September 1, 2009 6:15 PM

Why did no contender pick up 'Doc'?

For all the talk you hear about teams wanting to win a title, I found it curious that no contender ponied up the talent needed to acquire Roy Halladay, as good a pitcher as any in baseball. For if any pitcher could have ensured a team a long run into the postseason, Halladay would be the one.

Before the July 31 trade deadline, I thought for sure the Phillies would swing a deal. They balked, calling the price tag for Doc Halladay too steep. So they chased and landed Cliff Lee, the reigning AL Cy Young winner. Lee has been a splendid pickup at a bargain price, and he has been a difference-maker.

Lee is no Halladay, though.

The window for picking up a player who can play in the postseason shut Monday night, but no team landed Halladay, who would have shored up any team’s playoff prospects despite his unimpressive performance in August. You always hear about the dangers of not mortgaging your short term for the long term, but the short term is what fills ballparks.

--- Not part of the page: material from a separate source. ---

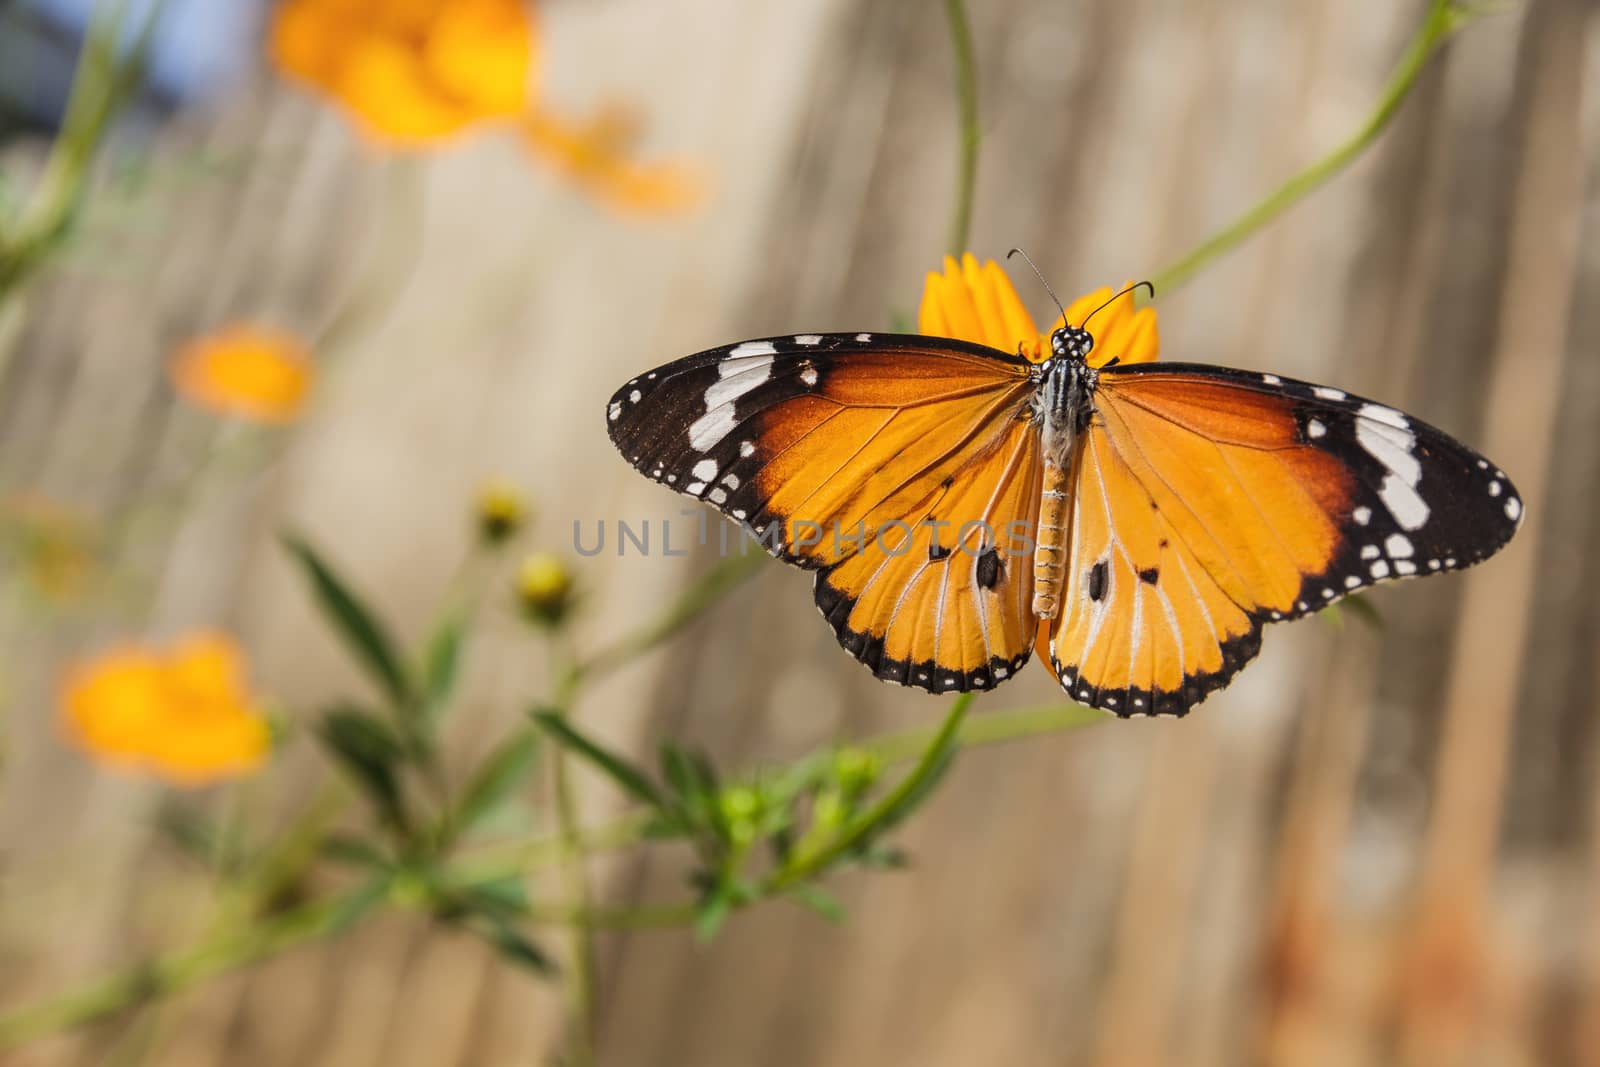 Common Tiger Butterfly (Danaus genutia) in Thailand

No one cares about how deep a franchise is in Minor League talent, because that talent might never reach the bigs.

So when you’re close to making the postseason like the Red Sox, the Rangers, the Angels, the Rockies, the Brewers and the Astros are, adding a piece like Halladay could have been the difference between showering in champagne or watching October baseball on ESPN.

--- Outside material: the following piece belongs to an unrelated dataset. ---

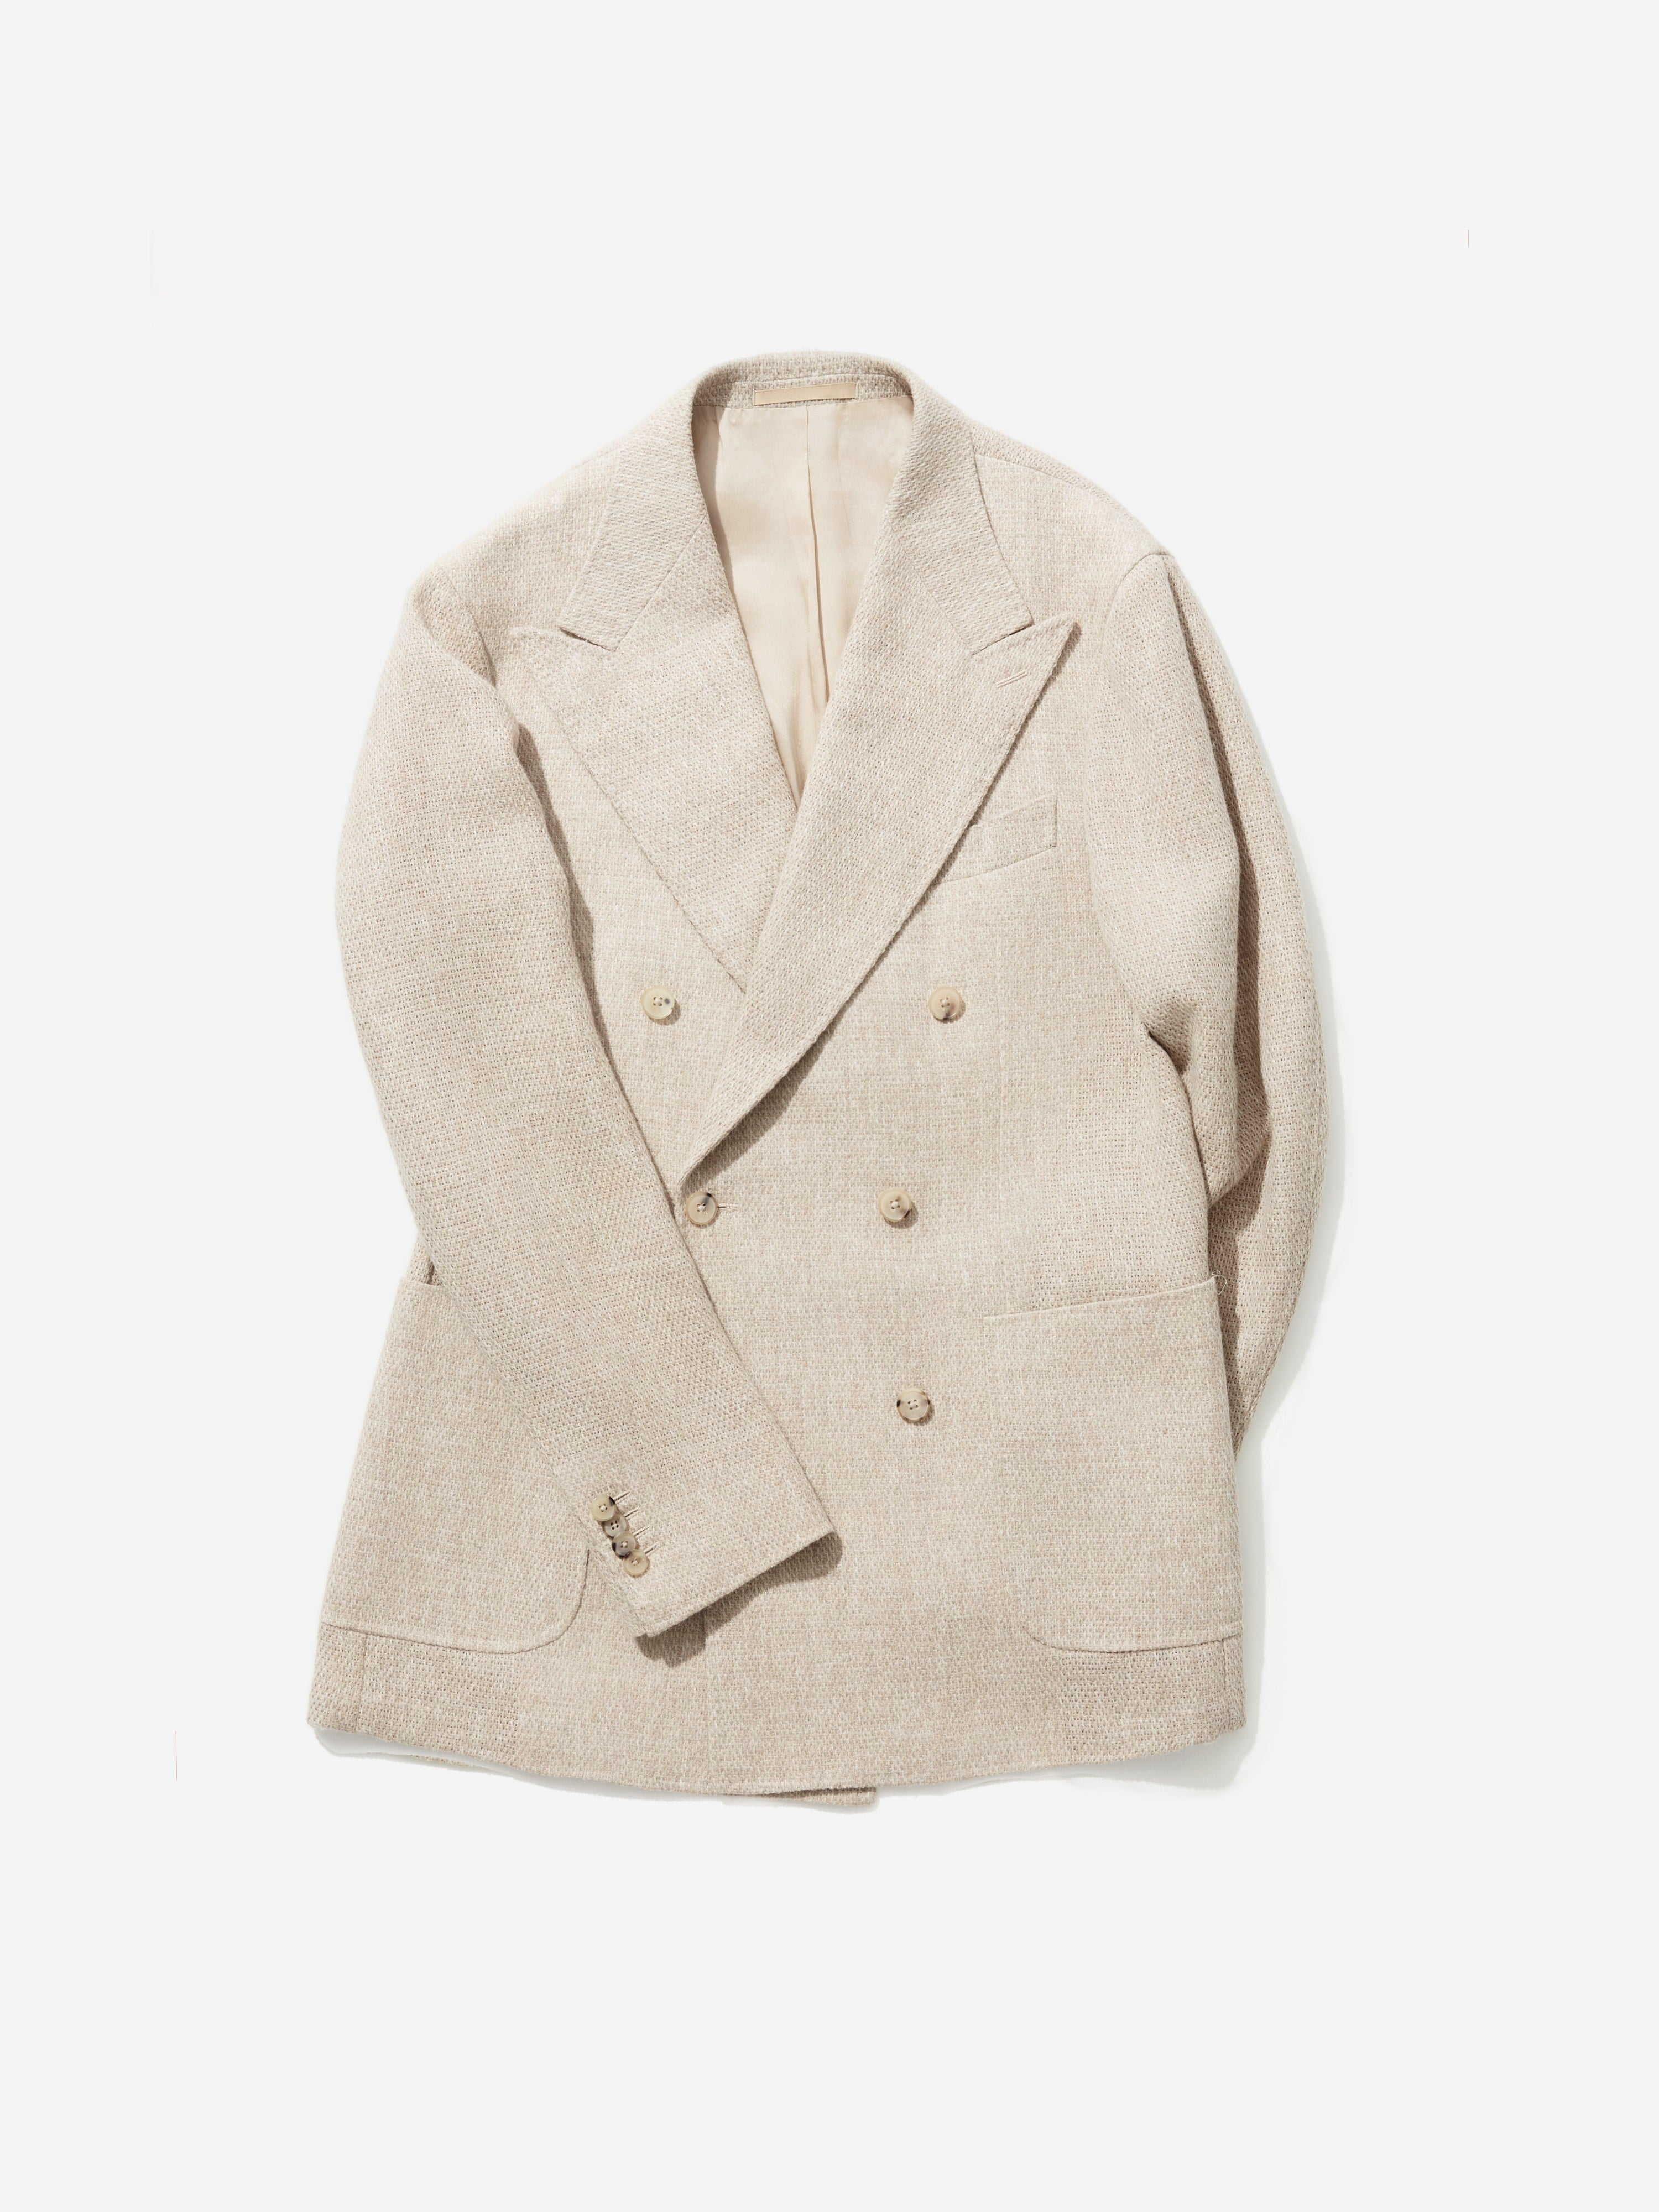 Cream Alpaca Wool Linen Suit - Grand Le Mar

Halladay, who would have had to first clear waivers, was too dependable an ace for a team not to let the Blue Jays comb through its farm system and pluck its finest talent.

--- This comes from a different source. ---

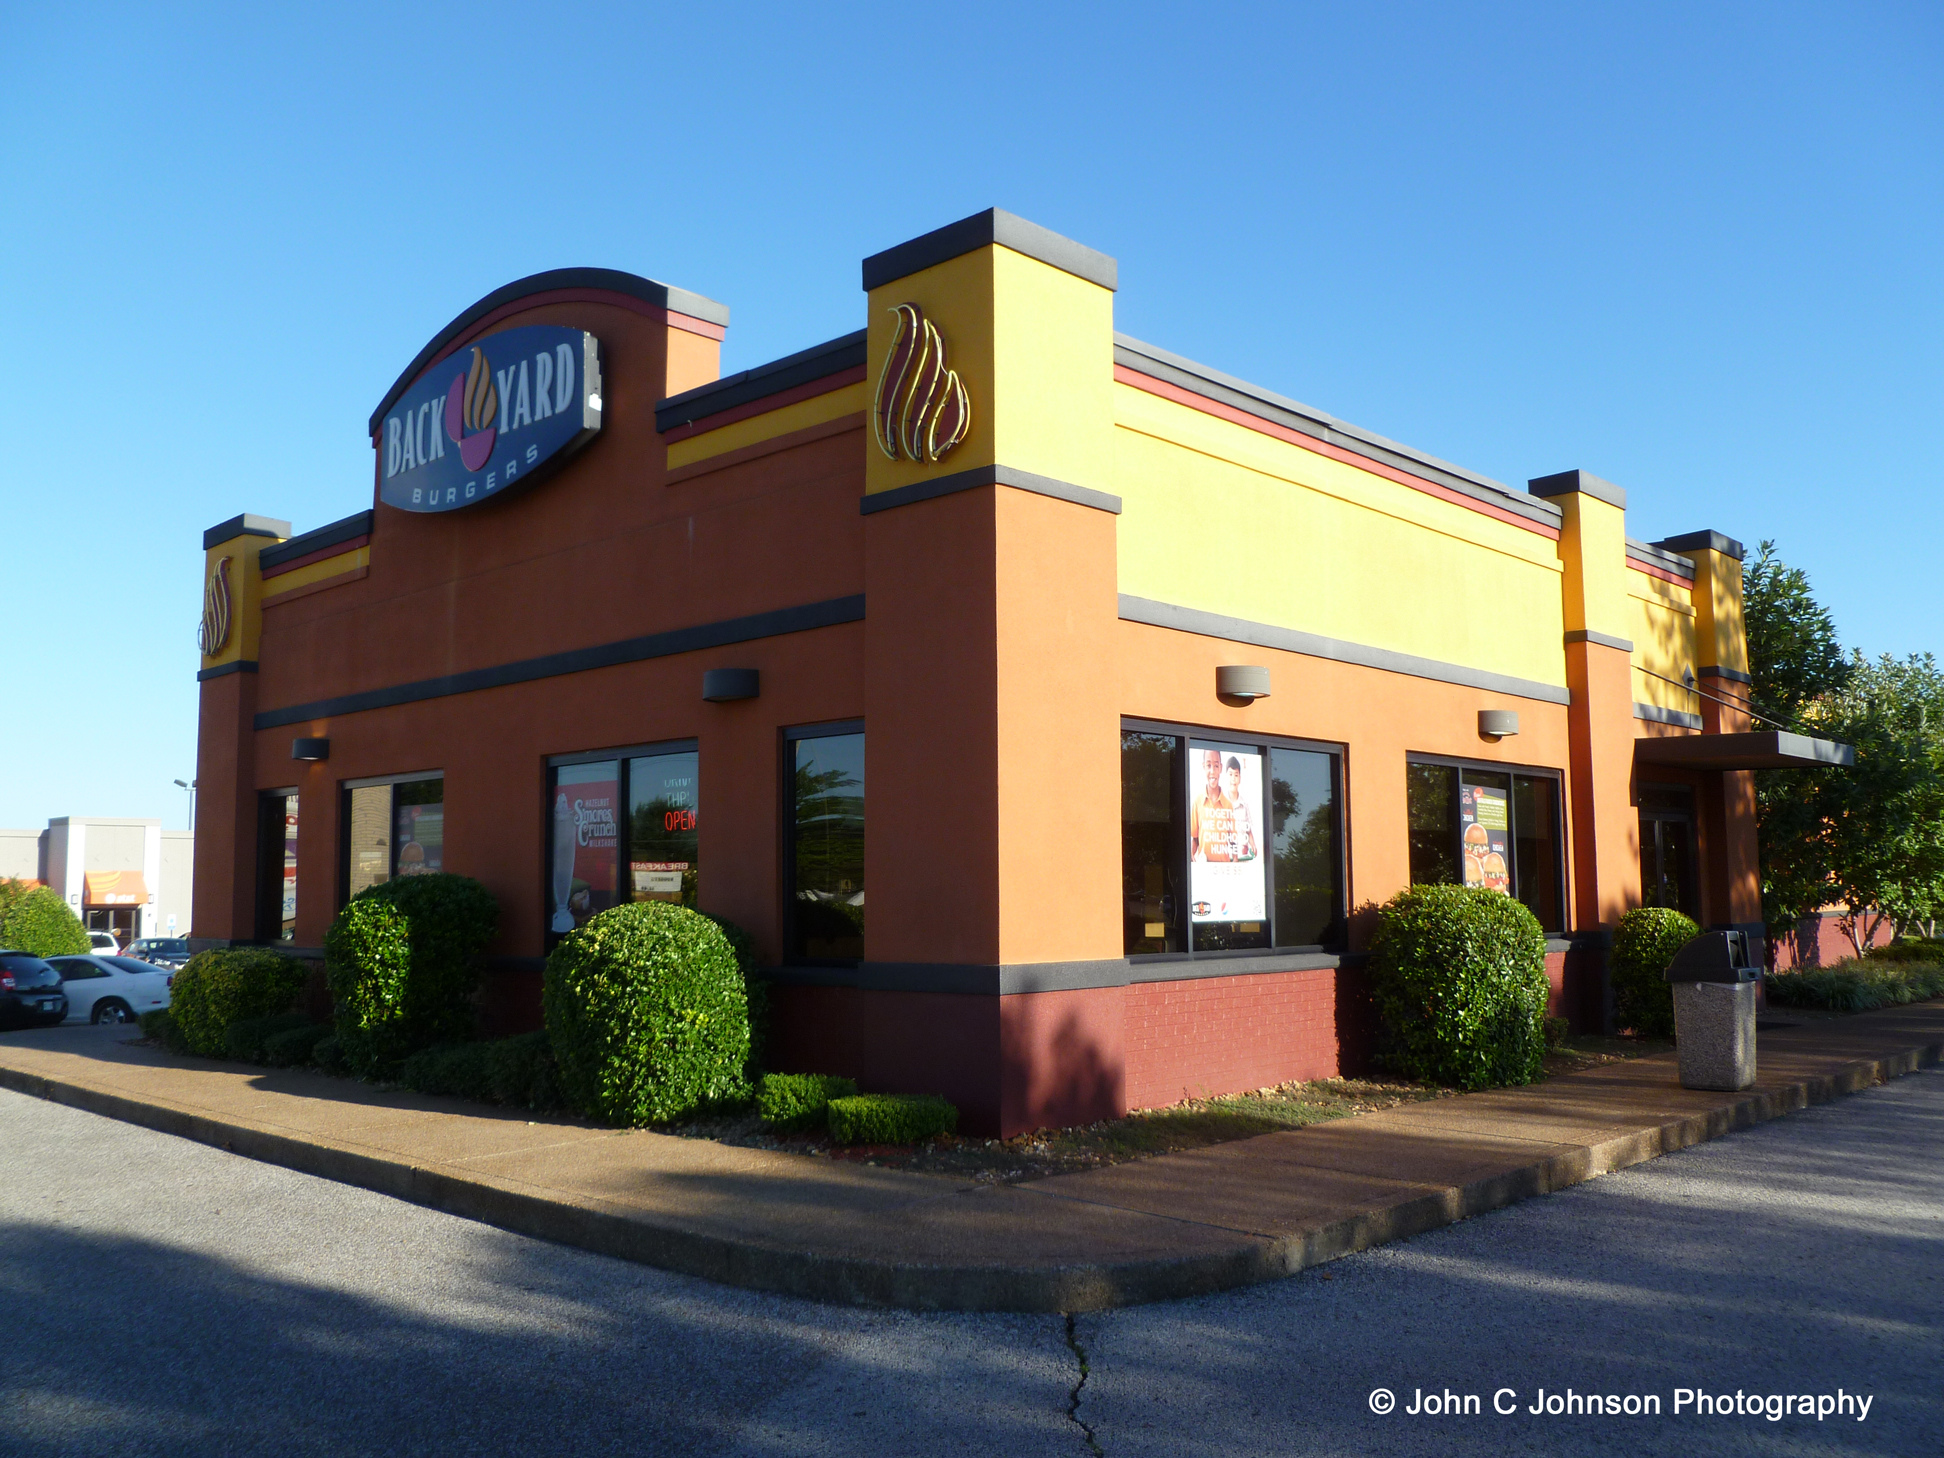 Back Yard Burgers Southhaven, Mississippi

I have never favored foregoing now for tomorrow, which is why the Indians teams in the 1990s never won a World Series. Legitimate runs at a World Series don’t come around every season – unless you’re the Yankees and have a bankroll as fat as Warren Buffett’s. The timeframe for winning a title is always narrow for teams like the Rockies and Astros and Rangers.

I know the Blue Jays were demanding a king’s ransom in exchange, but isn’t that ransom worth shelling out when someone like Doc Halladay, a No. 1 starter who toiled for a team with zero postseason aspirations this season and next, can lead the way to baseball’s promised land?

A championship carries a high price, and fans of teams that fall short of winning this season should remember their team didn’t pay that price to make it happen.